====== SOURCE MATERIAL ======
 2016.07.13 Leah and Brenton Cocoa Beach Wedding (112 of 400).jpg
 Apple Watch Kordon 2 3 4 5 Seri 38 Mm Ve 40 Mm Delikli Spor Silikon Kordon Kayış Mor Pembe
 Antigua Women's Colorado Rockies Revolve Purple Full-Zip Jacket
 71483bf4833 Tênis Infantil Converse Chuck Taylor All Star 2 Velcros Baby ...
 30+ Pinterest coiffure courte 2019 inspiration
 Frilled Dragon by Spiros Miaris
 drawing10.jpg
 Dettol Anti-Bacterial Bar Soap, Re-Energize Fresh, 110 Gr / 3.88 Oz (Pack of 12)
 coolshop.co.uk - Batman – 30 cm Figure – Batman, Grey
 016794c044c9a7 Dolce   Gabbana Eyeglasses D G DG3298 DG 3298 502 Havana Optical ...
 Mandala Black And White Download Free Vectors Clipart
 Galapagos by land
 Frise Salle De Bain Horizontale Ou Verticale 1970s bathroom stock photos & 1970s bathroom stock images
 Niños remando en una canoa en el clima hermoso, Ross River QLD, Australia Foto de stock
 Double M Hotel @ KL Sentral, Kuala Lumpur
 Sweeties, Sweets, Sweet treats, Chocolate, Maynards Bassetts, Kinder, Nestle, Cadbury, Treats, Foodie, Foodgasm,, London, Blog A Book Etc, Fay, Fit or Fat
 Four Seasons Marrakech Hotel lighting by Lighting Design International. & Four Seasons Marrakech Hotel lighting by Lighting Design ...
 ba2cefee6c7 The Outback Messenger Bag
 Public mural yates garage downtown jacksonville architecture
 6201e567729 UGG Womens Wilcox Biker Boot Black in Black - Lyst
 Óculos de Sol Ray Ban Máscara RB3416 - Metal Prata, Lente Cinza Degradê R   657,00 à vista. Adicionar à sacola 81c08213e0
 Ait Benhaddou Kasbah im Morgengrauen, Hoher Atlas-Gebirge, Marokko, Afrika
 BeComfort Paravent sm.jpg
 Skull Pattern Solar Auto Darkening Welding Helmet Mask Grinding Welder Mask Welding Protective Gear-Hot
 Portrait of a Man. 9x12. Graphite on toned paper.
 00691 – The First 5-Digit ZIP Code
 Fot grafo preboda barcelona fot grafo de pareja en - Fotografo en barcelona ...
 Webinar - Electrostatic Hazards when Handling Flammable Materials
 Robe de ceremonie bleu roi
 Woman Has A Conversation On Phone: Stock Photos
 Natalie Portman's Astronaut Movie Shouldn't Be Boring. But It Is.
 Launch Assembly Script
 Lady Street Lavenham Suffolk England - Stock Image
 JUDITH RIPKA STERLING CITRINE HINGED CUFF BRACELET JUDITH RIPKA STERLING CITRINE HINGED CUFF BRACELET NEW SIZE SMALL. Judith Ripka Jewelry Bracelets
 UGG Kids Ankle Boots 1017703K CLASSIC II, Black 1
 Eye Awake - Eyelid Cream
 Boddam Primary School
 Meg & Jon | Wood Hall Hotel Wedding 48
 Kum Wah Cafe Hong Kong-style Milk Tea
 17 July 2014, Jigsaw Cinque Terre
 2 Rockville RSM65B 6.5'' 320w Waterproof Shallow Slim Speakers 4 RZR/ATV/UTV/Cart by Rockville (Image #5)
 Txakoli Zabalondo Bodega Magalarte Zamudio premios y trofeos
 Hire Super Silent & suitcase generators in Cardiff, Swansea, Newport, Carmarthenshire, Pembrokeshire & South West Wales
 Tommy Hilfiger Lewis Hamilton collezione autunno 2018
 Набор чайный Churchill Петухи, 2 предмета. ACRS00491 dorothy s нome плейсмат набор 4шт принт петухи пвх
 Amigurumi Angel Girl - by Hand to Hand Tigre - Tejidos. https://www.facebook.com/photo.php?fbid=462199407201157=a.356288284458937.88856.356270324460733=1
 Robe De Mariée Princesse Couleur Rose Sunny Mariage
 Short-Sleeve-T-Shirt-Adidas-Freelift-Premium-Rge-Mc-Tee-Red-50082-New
======
Would you set the entries down again, exactly as they were written?

 2016.07.13 Leah and Brenton Cocoa Beach Wedding (112 of 400).jpg
 Apple Watch Kordon 2 3 4 5 Seri 38 Mm Ve 40 Mm Delikli Spor Silikon Kordon Kayış Mor Pembe
 Antigua Women's Colorado Rockies Revolve Purple Full-Zip Jacket
 71483bf4833 Tênis Infantil Converse Chuck Taylor All Star 2 Velcros Baby ...
 30+ Pinterest coiffure courte 2019 inspiration
 Frilled Dragon by Spiros Miaris
 drawing10.jpg
 Dettol Anti-Bacterial Bar Soap, Re-Energize Fresh, 110 Gr / 3.88 Oz (Pack of 12)
 coolshop.co.uk - Batman – 30 cm Figure – Batman, Grey
 016794c044c9a7 Dolce   Gabbana Eyeglasses D G DG3298 DG 3298 502 Havana Optical ...
 Mandala Black And White Download Free Vectors Clipart
 Galapagos by land
 Frise Salle De Bain Horizontale Ou Verticale 1970s bathroom stock photos & 1970s bathroom stock images
 Niños remando en una canoa en el clima hermoso, Ross River QLD, Australia Foto de stock
 Double M Hotel @ KL Sentral, Kuala Lumpur
 Sweeties, Sweets, Sweet treats, Chocolate, Maynards Bassetts, Kinder, Nestle, Cadbury, Treats, Foodie, Foodgasm,, London, Blog A Book Etc, Fay, Fit or Fat
 Four Seasons Marrakech Hotel lighting by Lighting Design International. & Four Seasons Marrakech Hotel lighting by Lighting Design ...
 ba2cefee6c7 The Outback Messenger Bag
 Public mural yates garage downtown jacksonville architecture
 6201e567729 UGG Womens Wilcox Biker Boot Black in Black - Lyst
 Óculos de Sol Ray Ban Máscara RB3416 - Metal Prata, Lente Cinza Degradê R   657,00 à vista. Adicionar à sacola 81c08213e0
 Ait Benhaddou Kasbah im Morgengrauen, Hoher Atlas-Gebirge, Marokko, Afrika
 BeComfort Paravent sm.jpg
 Skull Pattern Solar Auto Darkening Welding Helmet Mask Grinding Welder Mask Welding Protective Gear-Hot
 Portrait of a Man. 9x12. Graphite on toned paper.
 00691 – The First 5-Digit ZIP Code
 Fot grafo preboda barcelona fot grafo de pareja en - Fotografo en barcelona ...
 Webinar - Electrostatic Hazards when Handling Flammable Materials
 Robe de ceremonie bleu roi
 Woman Has A Conversation On Phone: Stock Photos
 Natalie Portman's Astronaut Movie Shouldn't Be Boring. But It Is.
 Launch Assembly Script
 Lady Street Lavenham Suffolk England - Stock Image
 JUDITH RIPKA STERLING CITRINE HINGED CUFF BRACELET JUDITH RIPKA STERLING CITRINE HINGED CUFF BRACELET NEW SIZE SMALL. Judith Ripka Jewelry Bracelets
 UGG Kids Ankle Boots 1017703K CLASSIC II, Black 1
 Eye Awake - Eyelid Cream
 Boddam Primary School
 Meg & Jon | Wood Hall Hotel Wedding 48
 Kum Wah Cafe Hong Kong-style Milk Tea
 17 July 2014, Jigsaw Cinque Terre
 2 Rockville RSM65B 6.5'' 320w Waterproof Shallow Slim Speakers 4 RZR/ATV/UTV/Cart by Rockville (Image #5)
 Txakoli Zabalondo Bodega Magalarte Zamudio premios y trofeos
 Hire Super Silent & suitcase generators in Cardiff, Swansea, Newport, Carmarthenshire, Pembrokeshire & South West Wales
 Tommy Hilfiger Lewis Hamilton collezione autunno 2018
 Набор чайный Churchill Петухи, 2 предмета. ACRS00491 dorothy s нome плейсмат набор 4шт принт петухи пвх
 Amigurumi Angel Girl - by Hand to Hand Tigre - Tejidos. https://www.facebook.com/photo.php?fbid=462199407201157=a.356288284458937.88856.356270324460733=1
 Robe De Mariée Princesse Couleur Rose Sunny Mariage
 Short-Sleeve-T-Shirt-Adidas-Freelift-Premium-Rge-Mc-Tee-Red-50082-New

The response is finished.